Lead Site Reliability Engineer with Java
Job DescriptionJob DescriptionJob Description
Role: Lead Site Reliability Engineer with Java
Location: San Antonio, Texa
Duration: 18 Month
Relevant Experience: 14+ Years
Job Description & Key Responsibilities:
As a Lead Site Reliability Engineer (SRE), you will leverage your extensive experience in SRE practices to maintain and enhance the reliability, performance, and scalability of mission-critical systems. You will play a crucial role in ensuring the continuous availability and optimal functioning of our services.
Key Responsibilities:
Senior-Level SRE Expertise: Apply your deep understanding of SRE principles to lead efforts in improving system reliability and operational efficiency.
Incident Management: Provide expert-level support during incidents, ensuring swift resolution with minimal service disruption. Lead post-incident reviews to drive continuous improvement.

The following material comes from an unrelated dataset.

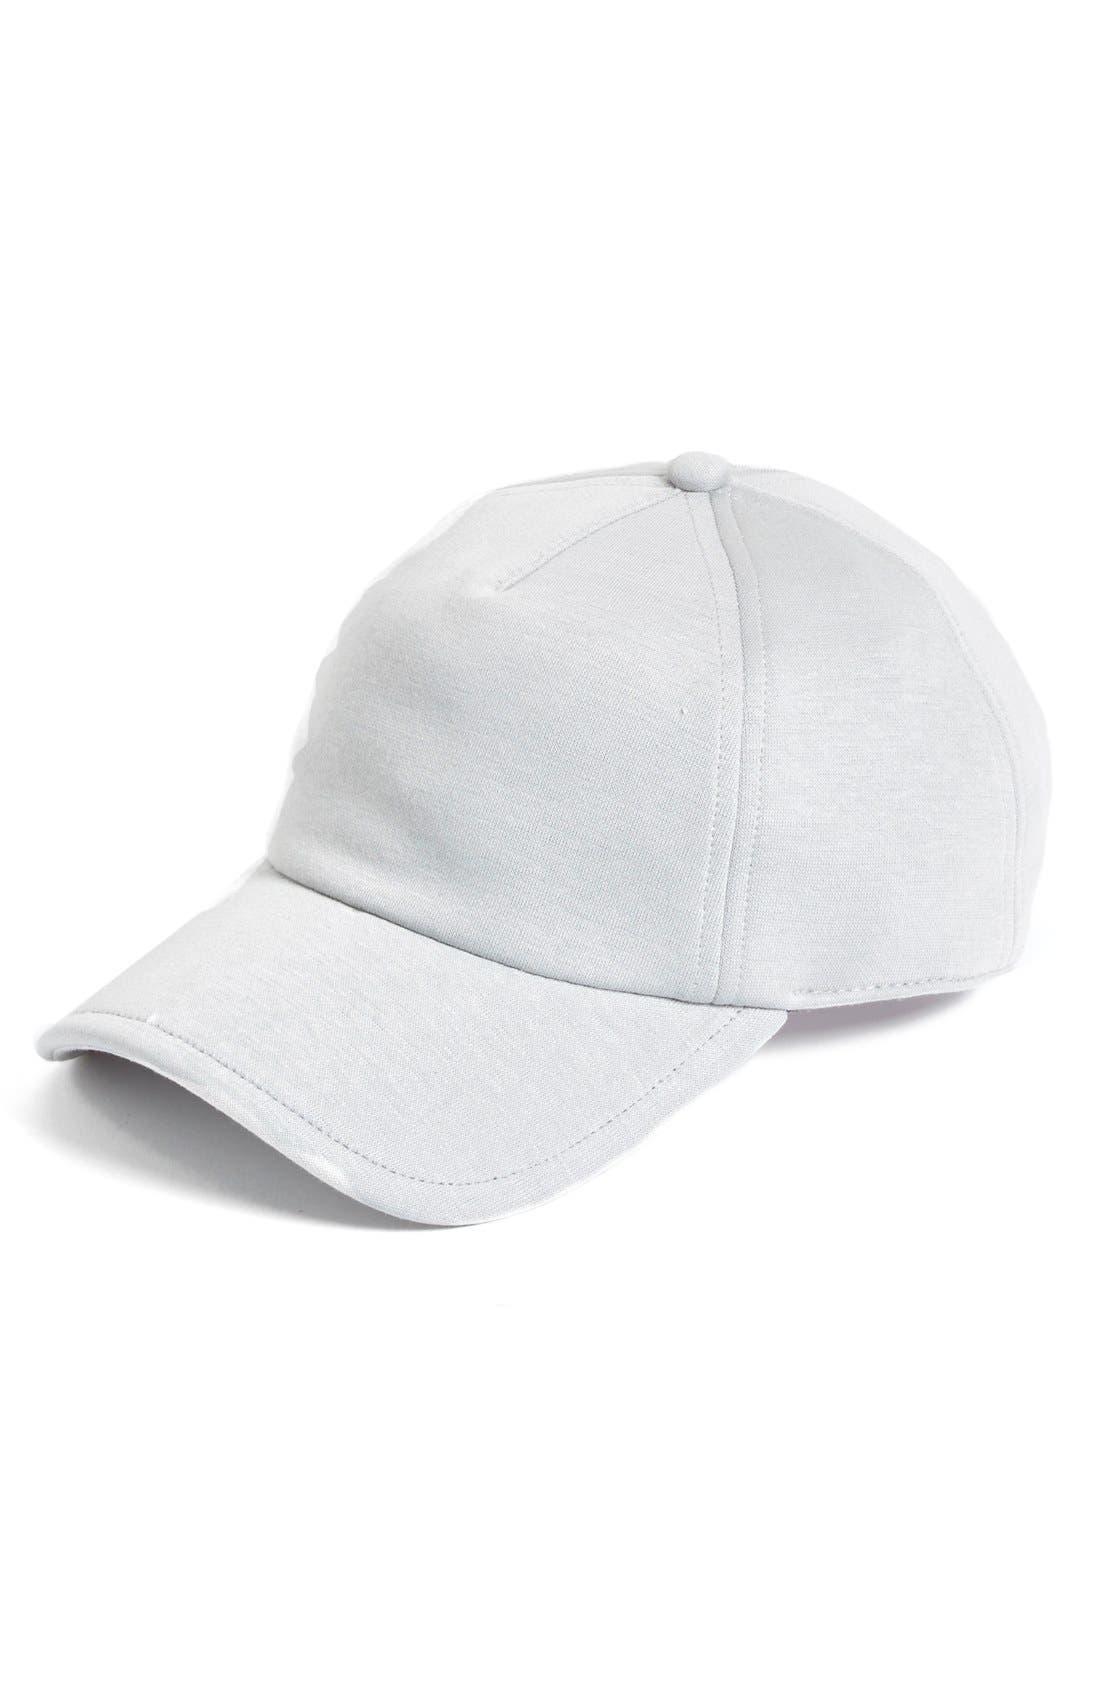 Alternate Image 1 Selected - rag & bone 'Marilyn' Baseball Cap

Monitoring & Alerting: Design, implement, and optimize monitoring, alerting, and incident response processes. Ensure the effectiveness of these systems to proactively address potential issues.
Automation: Drive the automation of manual processes to enhance operational efficiency, reduce human error, and increase overall system resilience.
CI/CD Pipeline Management: Develop, maintain, and improve automated CI/CD pipelines using tools such as GitLab CI/CD and Jenkins, ensuring seamless and reliable deployment processes.
Cross-Functional Collaboration: Work closely with cross-functional teams to ensure the reliability, performance, and scalability of our infrastructure. Foster a culture of collaboration and knowledge sharing.
Support Across Time Zones: Provide support across all U.S. time zones, with the flexibility to work weekends, rotational shifts, and overtime as required to maintain service continuity.
Required Skills & Qualifications:
Java Programming: Advanced proficiency in Java, with a deep understanding of contemporary software development practices.
Kubernetes & Containerization: Extensive hands-on experience with Kubernetes, including containerization technologies like Docker and Kubernetes storage solutions such as Portworx.
Linux/Unix Systems: Strong command of Linux/Unix operating systems and Shell Scripting (BASH), with a focus on system reliability and automation.
Functional Programming: Proficiency in functional programming such as Prolog, Haskell, and OCaml.
Additional Information
All your information will be kept confidential according to EEO guidelines.